My customer has 132 remote sites, he's also intended to deploy 2 routers in each remote site and he has 2 data centers.
This case applies for an small-scale?
Thanks in advance
Emanuel
04-06-2015 09:47 AM
Emanuel,
No I would not necessarily call this a small scale deployment, although we do scale above 4000 GMs.
Please note that, at least as far as I am aware, there is no strict definition that a setup like this would not be supported for larger scale deployment. You may want to shoot your SE an email so they can discuss with business unit it they limit supportability of such setup somewhere.
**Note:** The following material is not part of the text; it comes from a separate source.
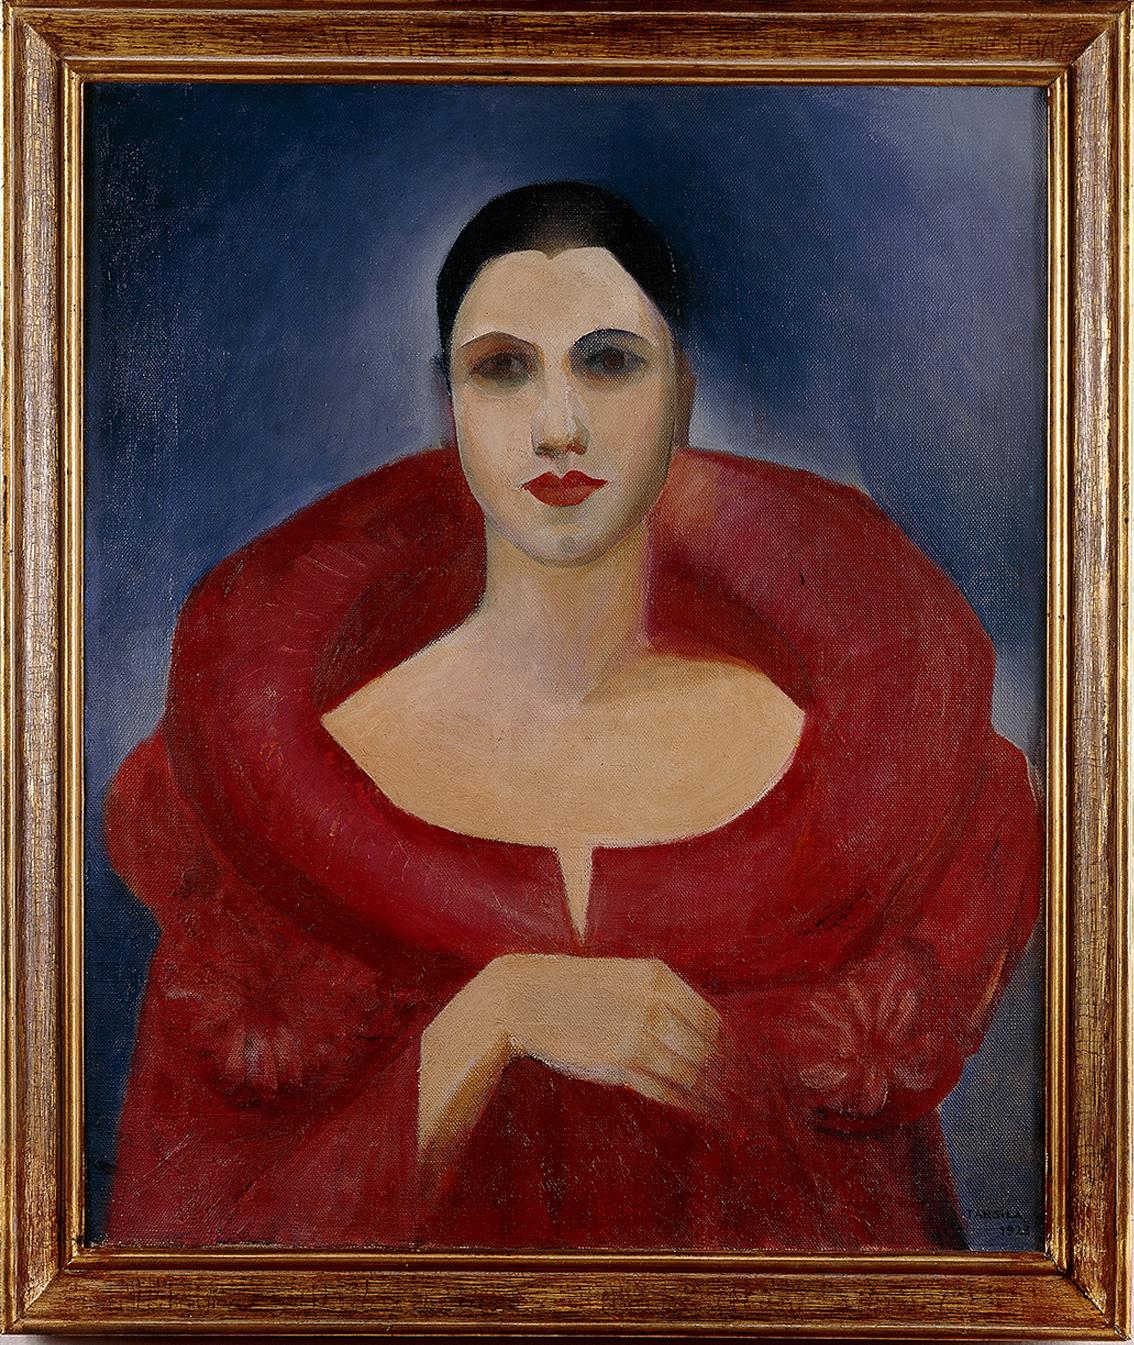 Autorretrato (Manteau Rouge)

Technically speaking, what you need to take into consideration:
- CPU utilization during registration (can be offloaded by using external CDP URL).
- Type of rekey.
- Amount of GM re-registrations. (i.e. stability of environment).
- KS COOP or not.
- KS platform of choice.
What you want to make sure is that PKI functions will not affect KS functions. (For example during multi spokes registering and performing CRL checks).
And make sure that KS is not a single point of failure for entire domain - that mean storing PKI data of the router.
M.
Discover and save your favorite ideas. Come back to expert answers, step-by-step guides, recent topics, and more.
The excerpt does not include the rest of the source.